Defendant asserts this result leaves him without a court remedy. He realizes he can request a hearing to rescind his suspension under section 2-118.1 of the Code (Ill. Rev. Stat. 1985, ch. 95 1/2, par. 2-118.1) but notes this only requires a finding of probable cause to sustain the suspension. To sustain the criminal DUI case, he must be found guilty beyond a reasonable doubt. He argues this results in inequity since it is possible for a person, as evidenced by this case, to receive a statutory summary suspension and yet have dismissed or be acquitted of the DUI charge. We can only direct his attention to the earlier Discussion showing that the statutory summary suspension and the criminal DUI case are separate creatures, and the result in one does not affect nor is it contingent upon the result of the other.
Similarly, we find defendant's due process argument without merit. We again note that the statutory summary suspension and the DUI charge are separate entities with separate penalties. Simply because the penalty in one appears to mirror one of the penalties in the other does not raise questions of due process. We cannot help but note for the edification of defendant that the penalties imposed for each are quite dissimilar. In the case of the statutory summary suspension, the penalty is a suspension of driving privileges for up to one year which will be restored upon completion of the suspension with payment of all appropriate fees. (Ill. Rev. Stat. 1985, ch. 95 1/2, par. 6-208.1.) In the case of a DUI conviction, a person can receive up to 365 days in jail and/or up to a $1,000 fine, and his driving privileges will be revoked for one year. (Ill. Rev.
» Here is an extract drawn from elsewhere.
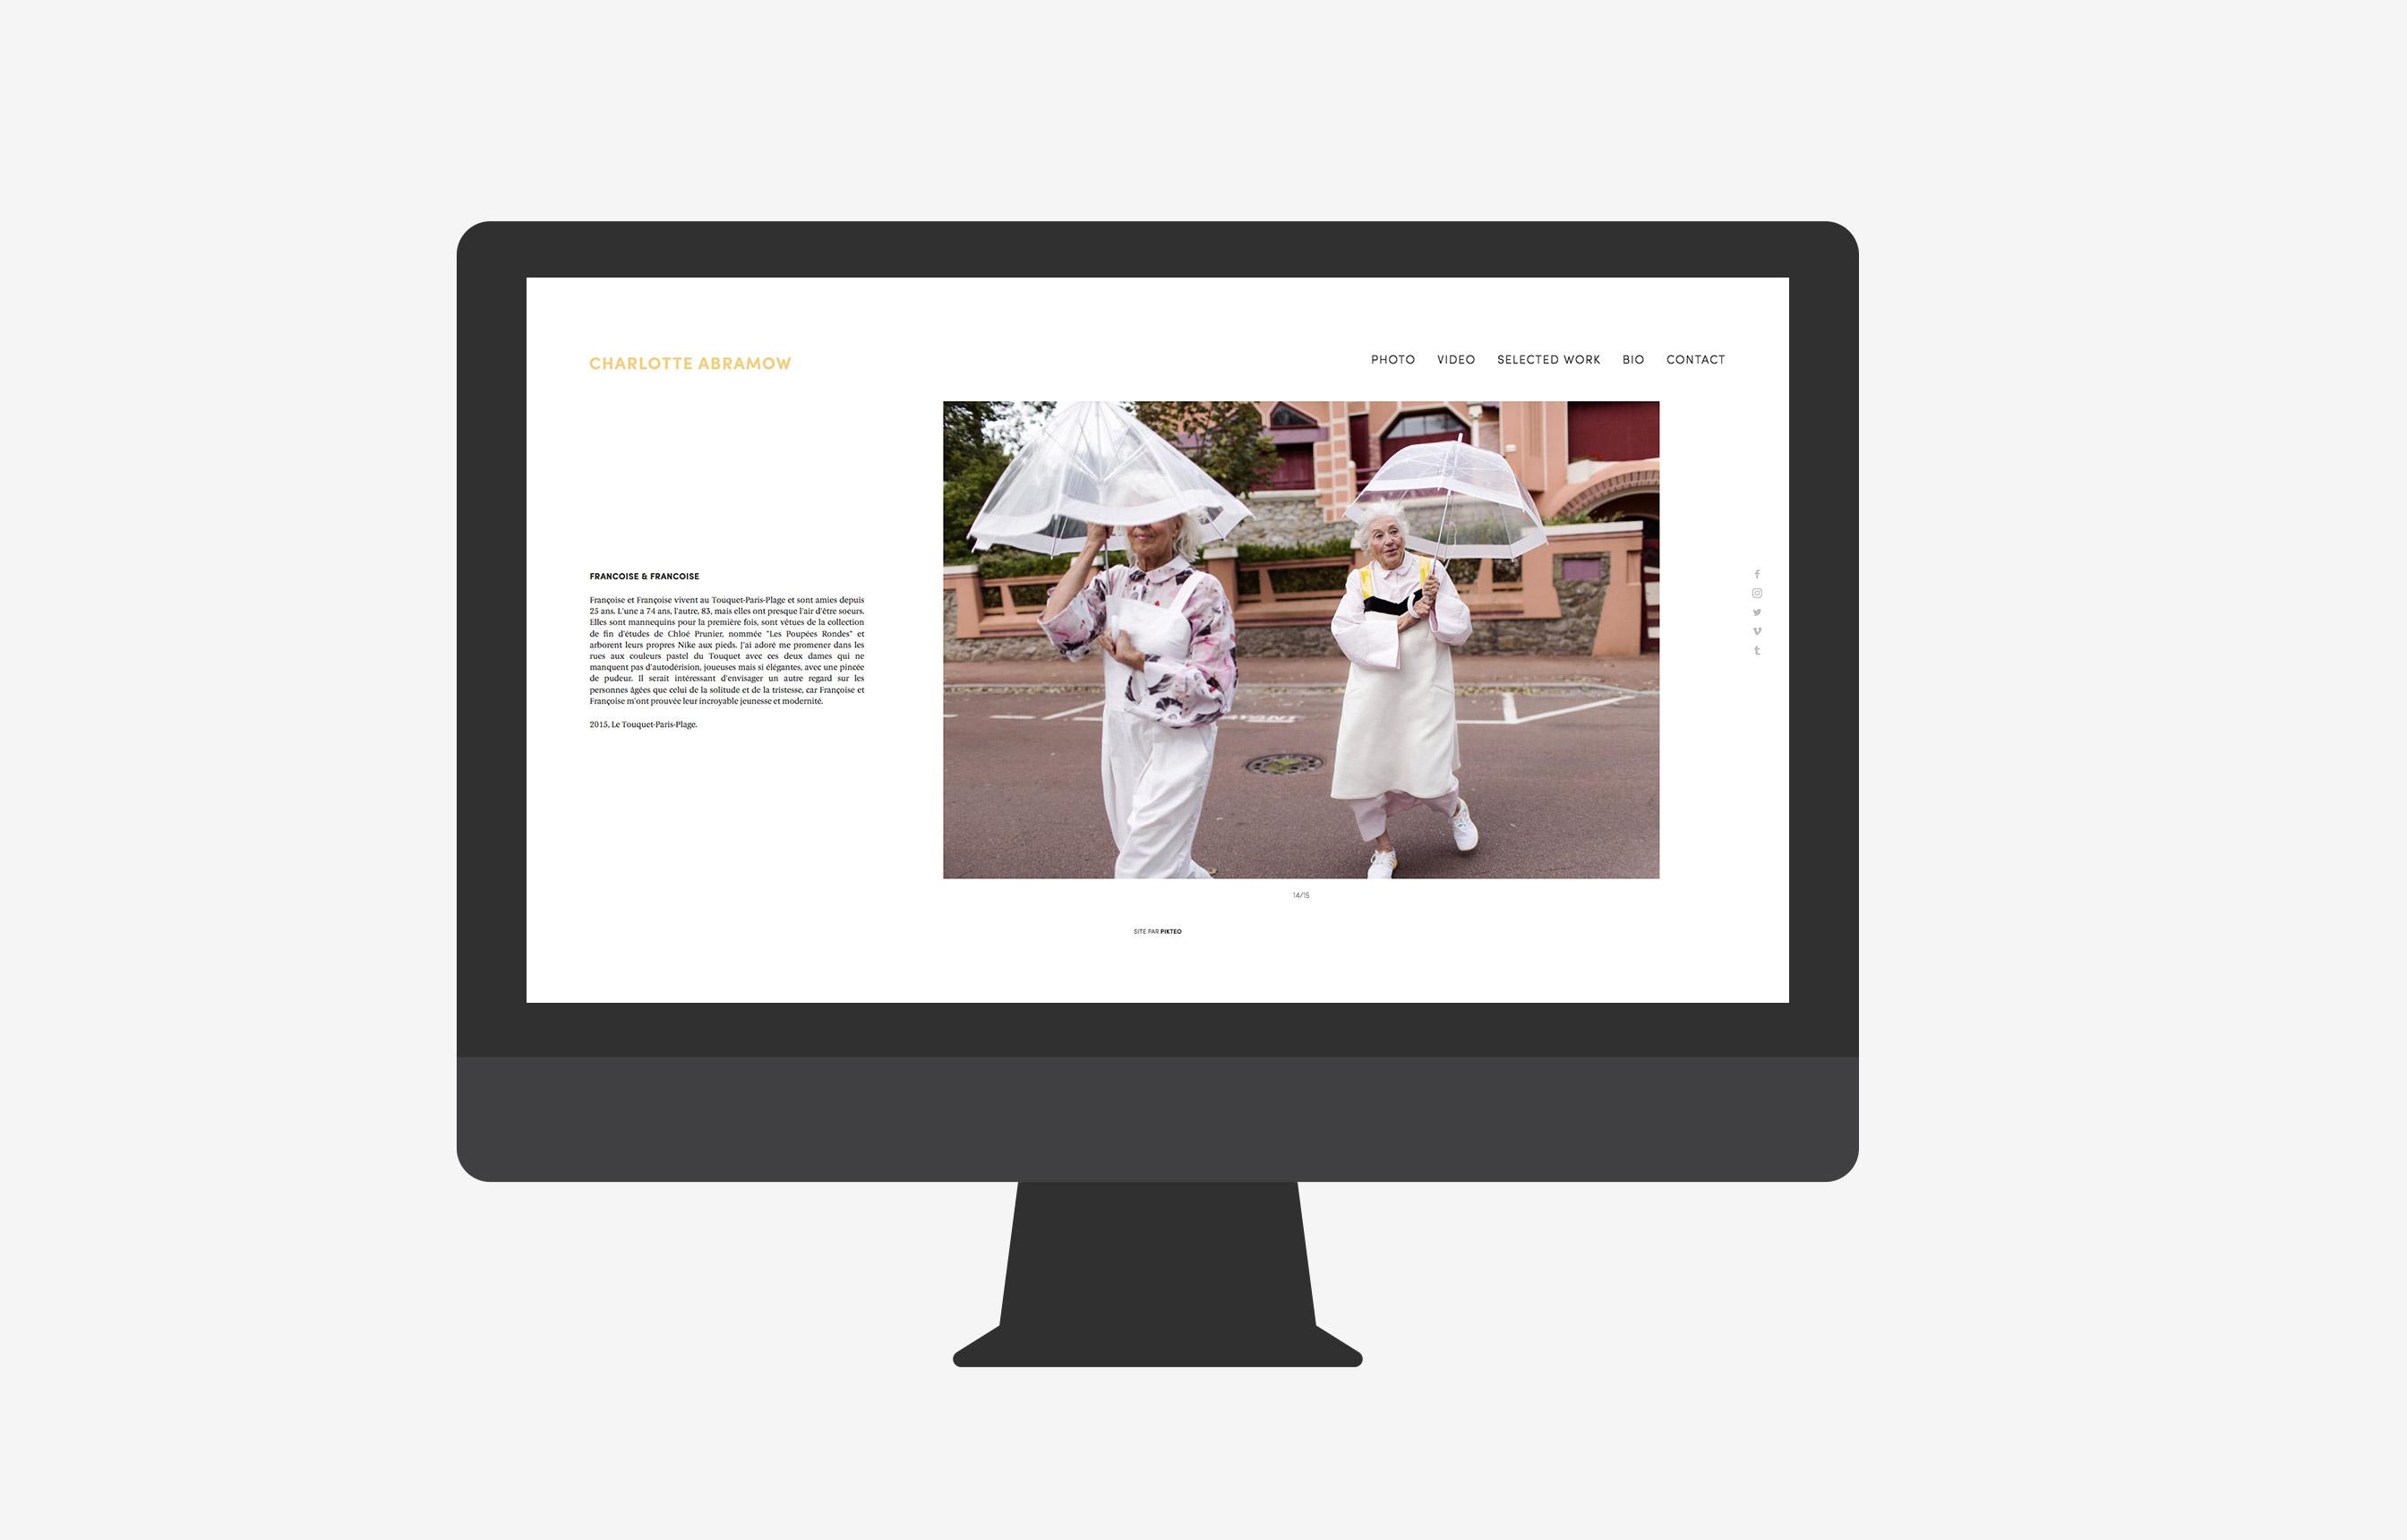 04-charlotte-abramow-pikteo-webdesign-graphic-design-freelance-paris-bruxelles-londres

Stat. 1985, ch. 95 1/2, par. 11-501.) Upon expiration of the one year, the person convicted of DUI must reapply to receive his license. The Secretary of State must be satisfied that this person will not endanger the public's safety if he is allowed to drive. (Ill. Rev. Stat. 1985, ch. 95 1/2, par. 6-208.) This can be a time-consuming process, and often the new licenses is not issued.
For the reasons stated above, the decision of the circuit court of Sangamon County is affirmed.